Everybody keeps denying the change in avx-512 applications. First it was in PURE avx-512 benchmark show 98% faster than Zen 4. Now we have at least one application where it is 30-40% faster that is actually used (in the application areas). See the benchmarks in the DC forum here. These are not imaginary gains. In scientific and other areas, it should see these huge gains. This being the case, I doubt that it will die at Zen 5.

yottabit · Aug 17, 2024

Fjodor2001 said:
DDR5 is roughly twice as fast as DDR4. Are the new cores on DDR5 twice as fast as the latest cores on DDR4? Do they require twice the memory bandwidth?

Yes, at least when running in AVX-512 mode - Zen5 is twice the throughput of Zen4, let alone Zen3 which only had AVX2!

Fjodor2001 said:
Depends on what kind of workload and data you're using AVX512 for. If the amount data being processed is limited, it'll be kept in cache which fast and has very high memory bandwidth. Same as for other operations BTW. Not sure why AVX512 should be special in this regard.

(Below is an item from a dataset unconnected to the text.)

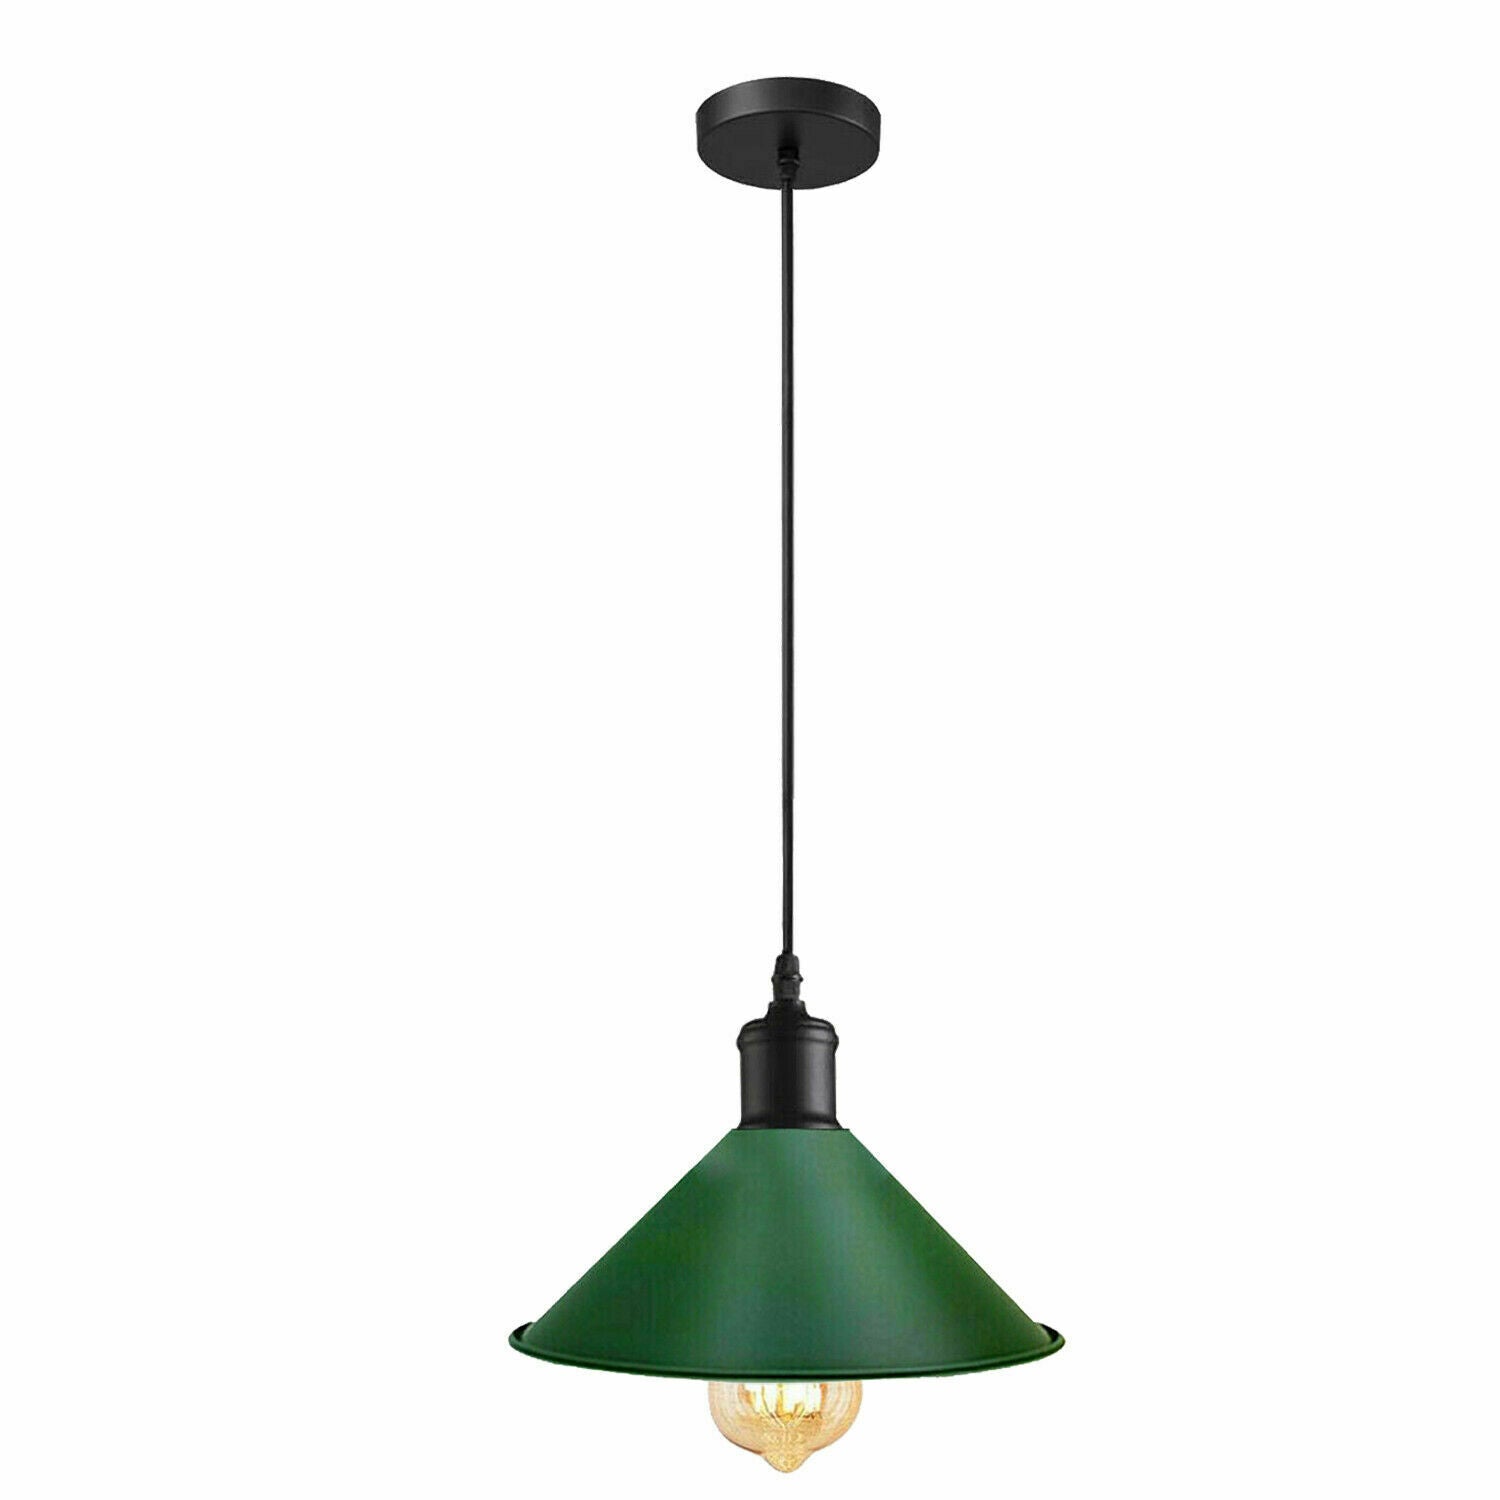 Green Pendant Lamp Industrial style Decorative Ceiling lamp~1538 - LEDSone UK Ltd

It's special because it's chungus. AVX is all about loading huge amounts of data and processing them quick. Then the more cores you add into the mix, the more likely it is applications that weren't memory bandwidth dependent before will become memory bandwidth dependent

Why do you think even Zen4 Epyc has 12 memory channels per socket?

Fjodor2001 said:
Source for this claim?

My source is the sporadic lackluster benchmark results.

Actually the best source is the breakdown from the y-cruncher developer, who microbenchmarked to show 100% uplift for AVX-512 Zen5 over Zen4 when membw was not a factor. Obviously, we aren't seeing those gains in most real applications that take advantage of AVX512. http://www.numberworld.org/blogs/2024_8_7_zen5_avx512_teardown/

The next best source will be the performance of these same applications on Turin with more membw. My guess is a lot of the software that are struggling on 9950x will perform great on Zen5 Eypc & Threadripper.

Fjodor2001 said:
Also, not all MT workloads use pure AVX512 anyway. Instead it's probably very few actually.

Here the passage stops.